• _Input data_:
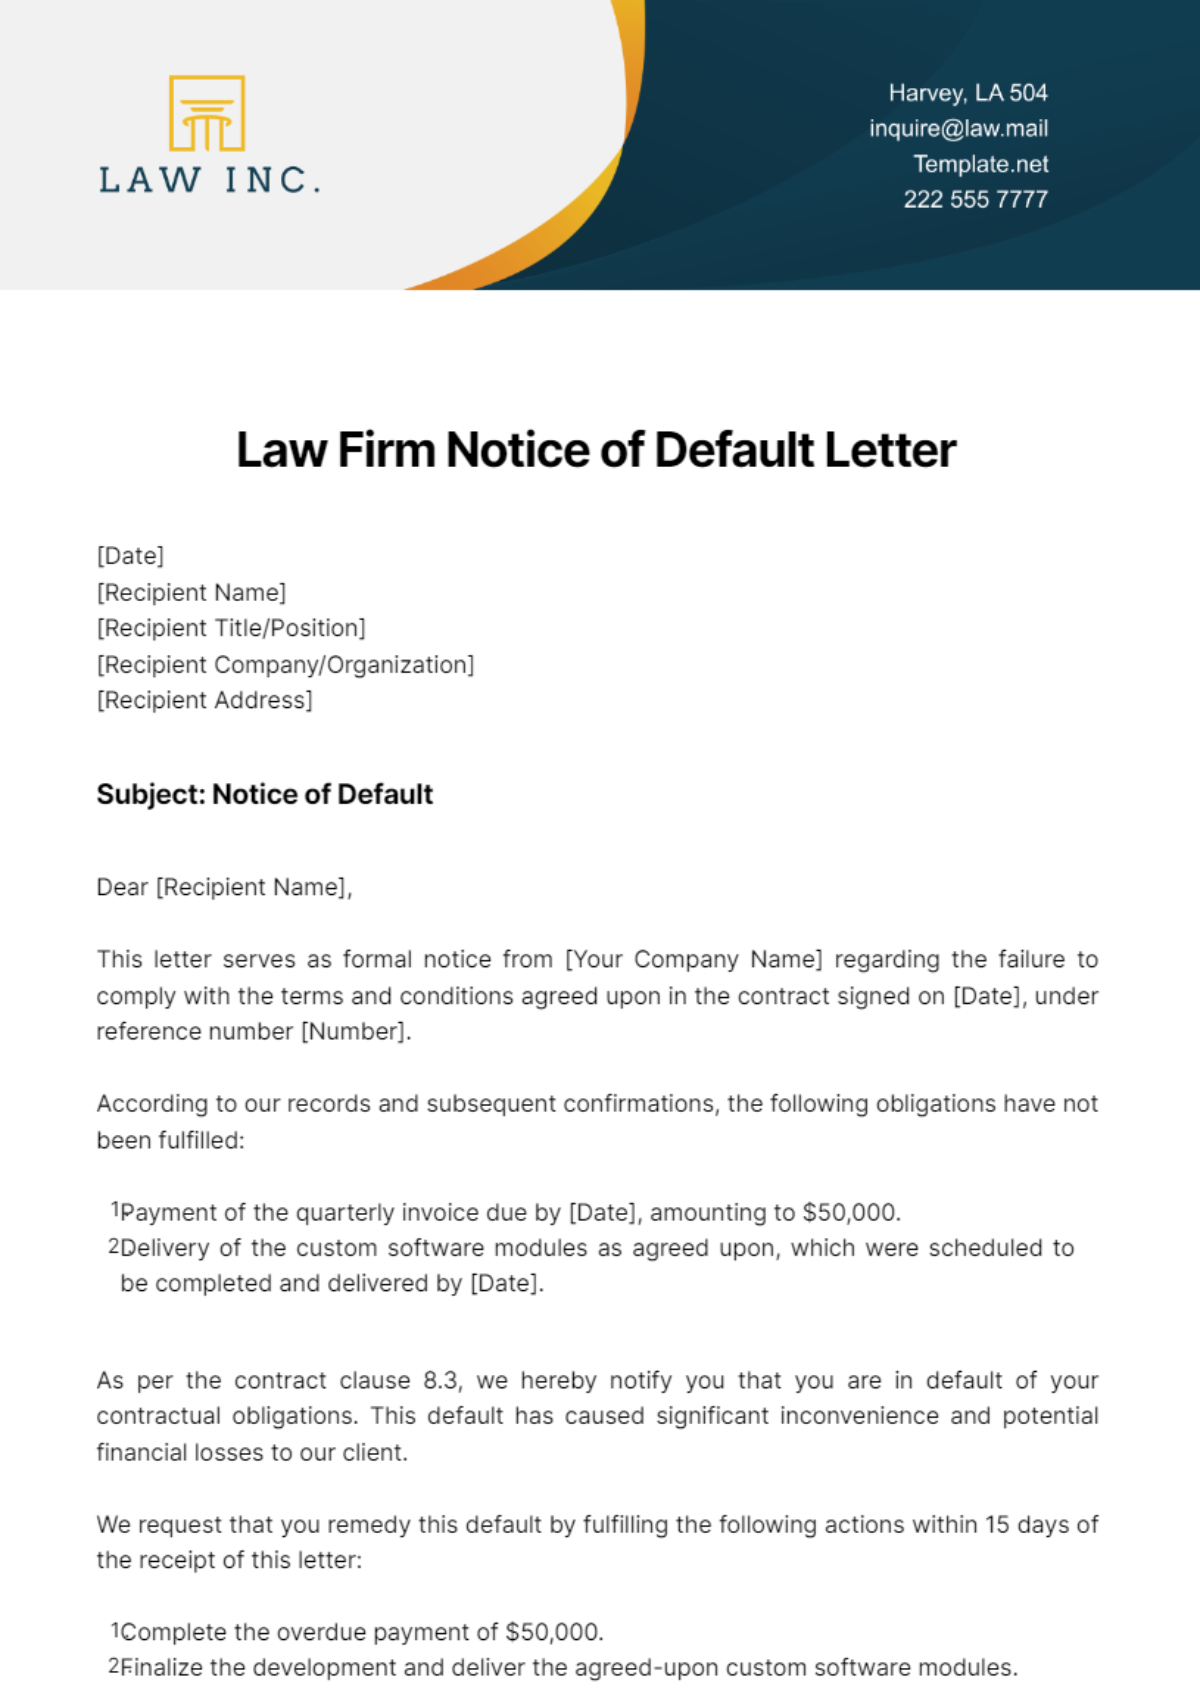 Law Firm Notice of Default Letter Template
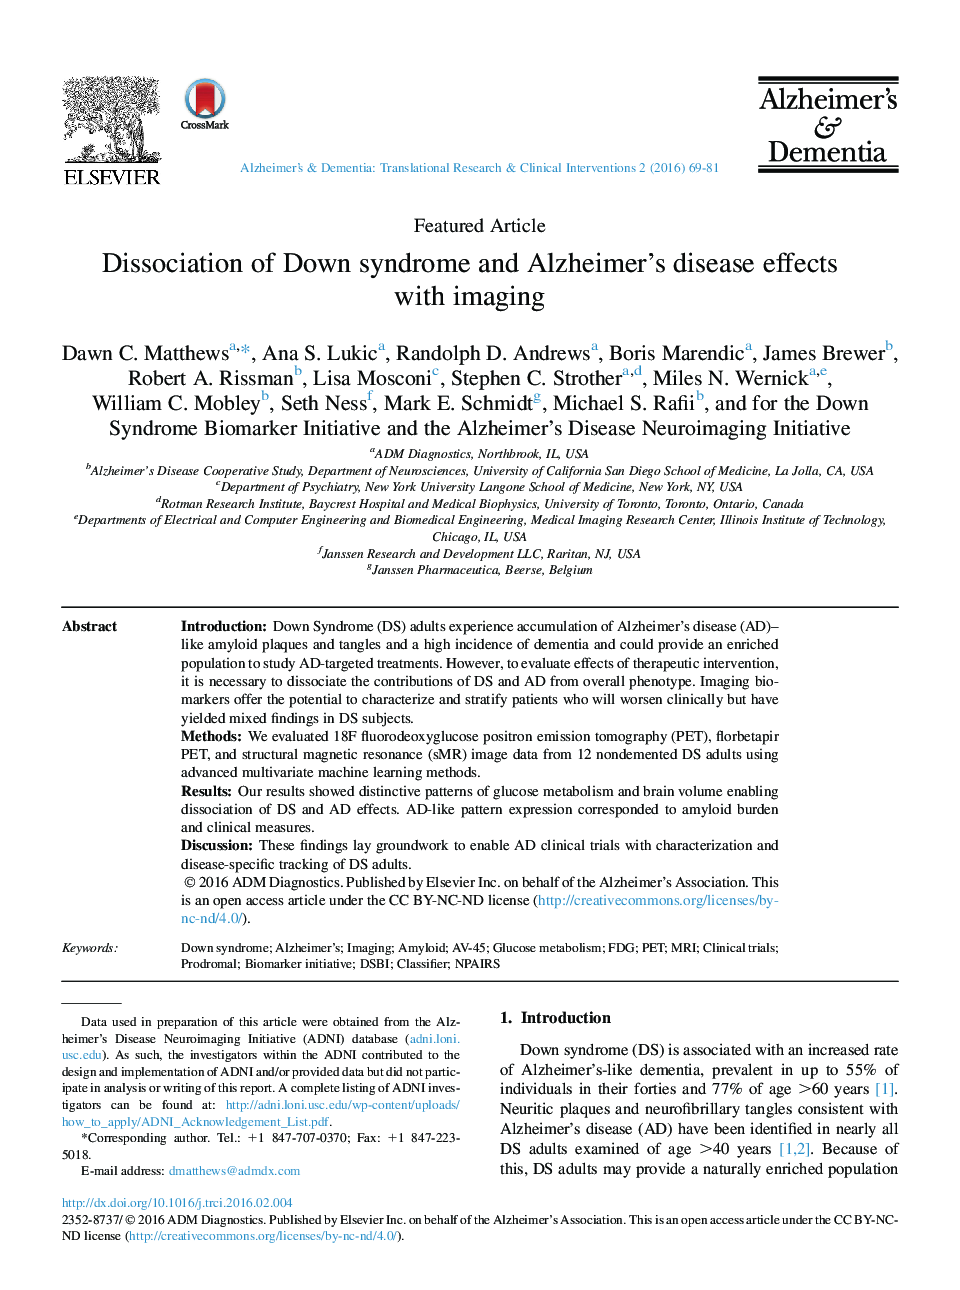 Dissociation of Down syndrome and Alzheimer's disease effects with imaging 
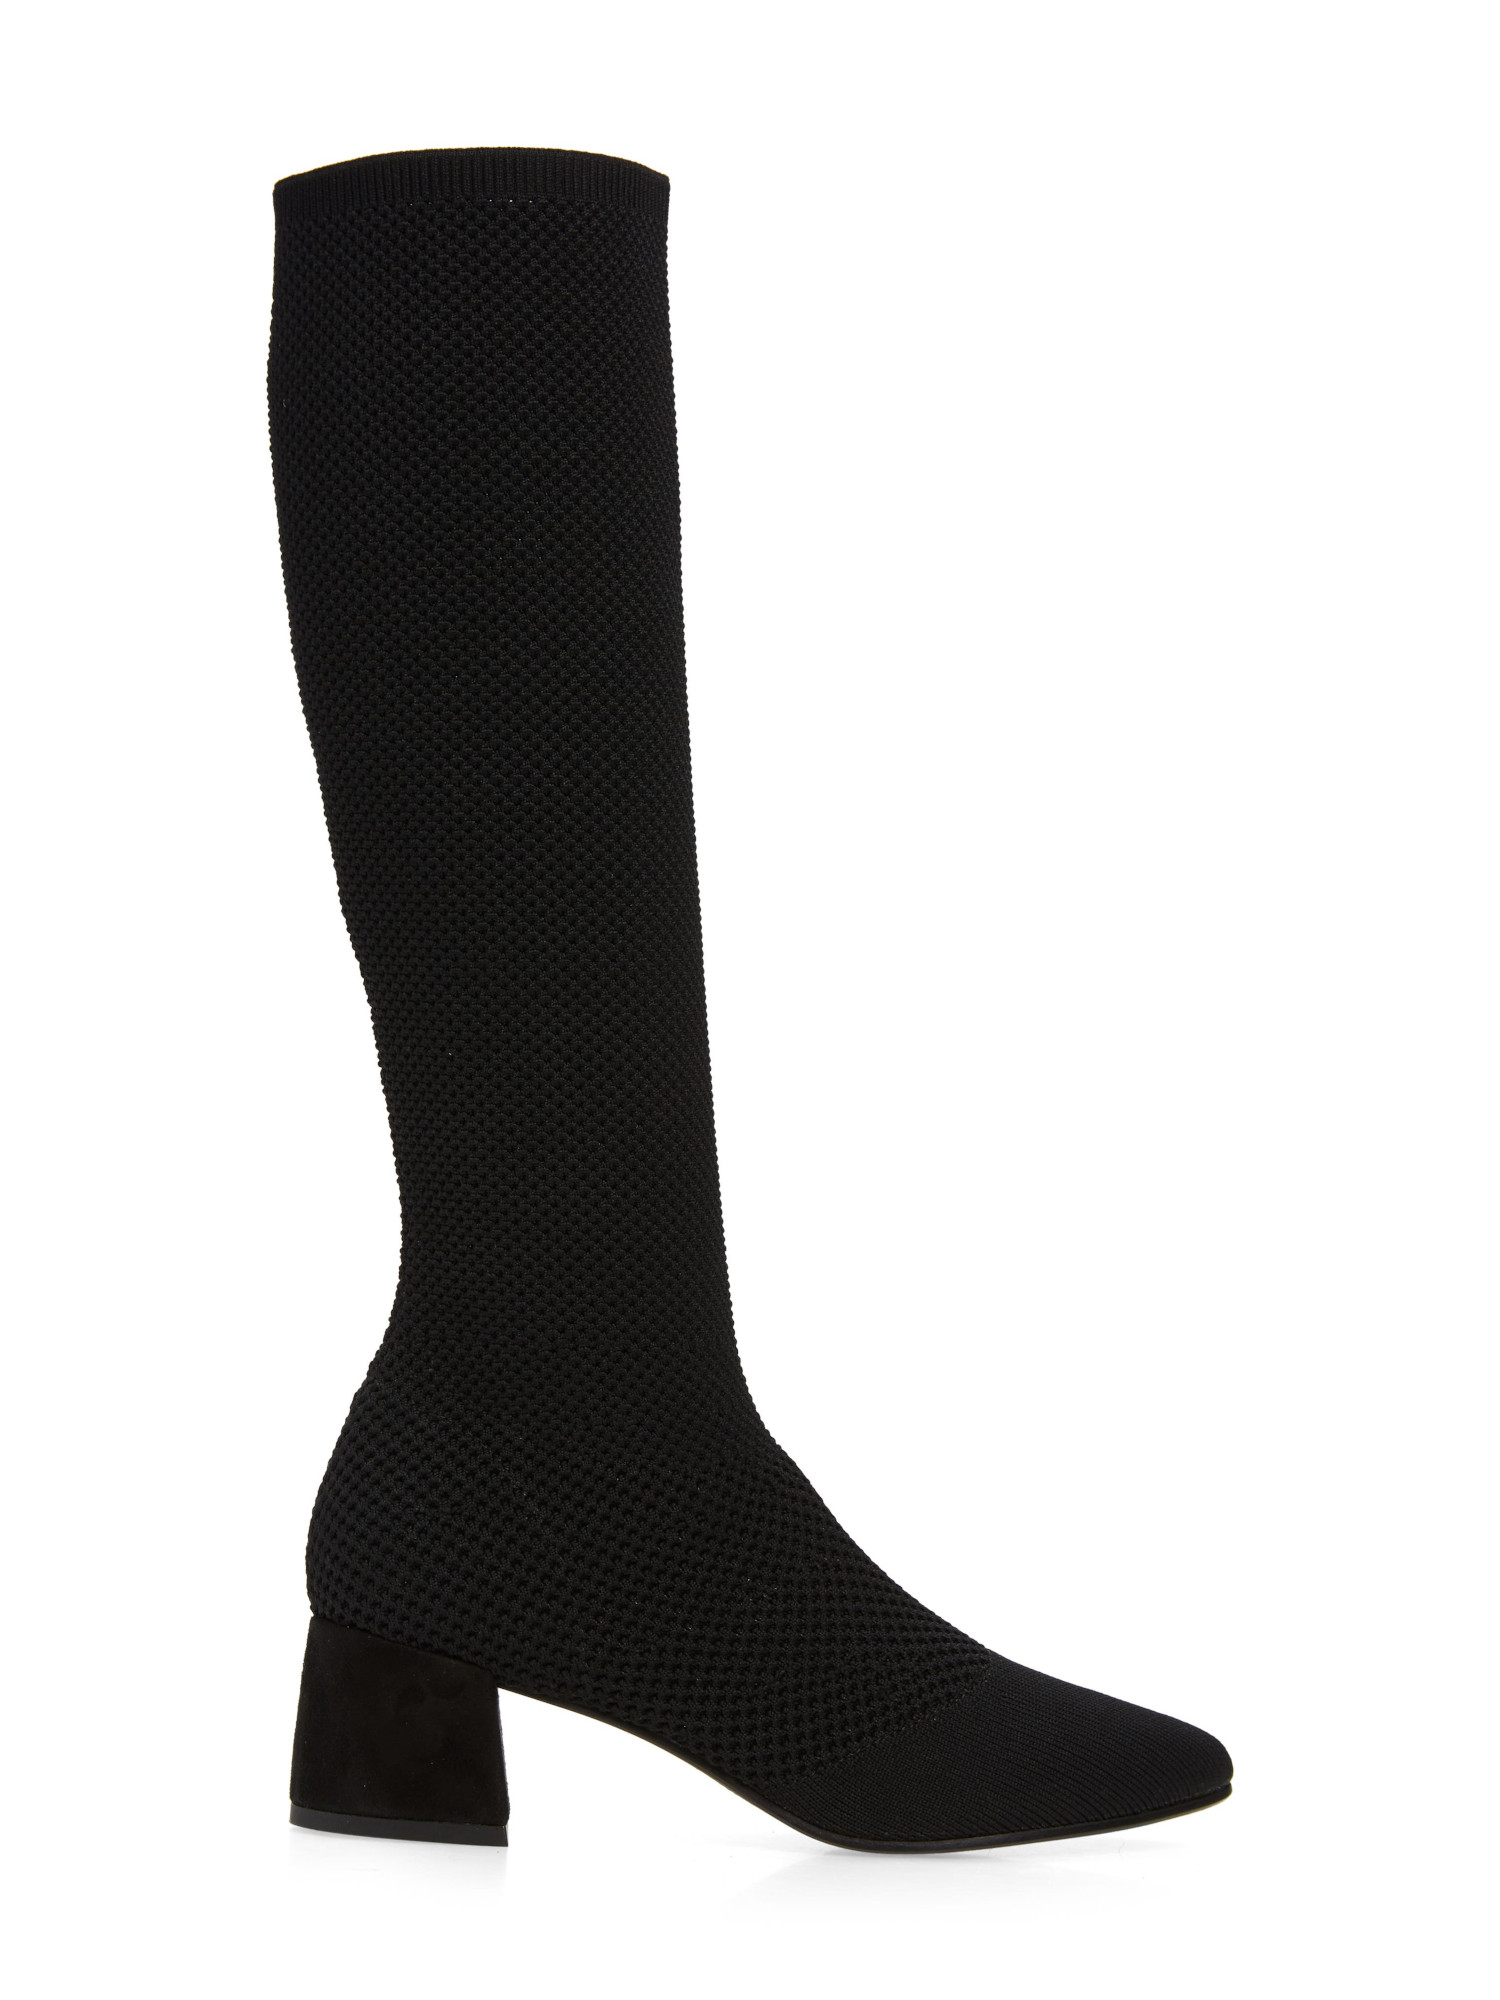 EILEEN FISHER Womens Black Knit Stretch Padded Innis Pointed Toe Dress Boots Shoes 8.5 M

• _Exercise_:
Return the listing unchanged, but drop every picture.

• _Answer to this problem_:
 Law Firm Notice of Default Letter Template
 Dissociation of Down syndrome and Alzheimer's disease effects with imaging 
 EILEEN FISHER Womens Black Knit Stretch Padded Innis Pointed Toe Dress Boots Shoes 8.5 M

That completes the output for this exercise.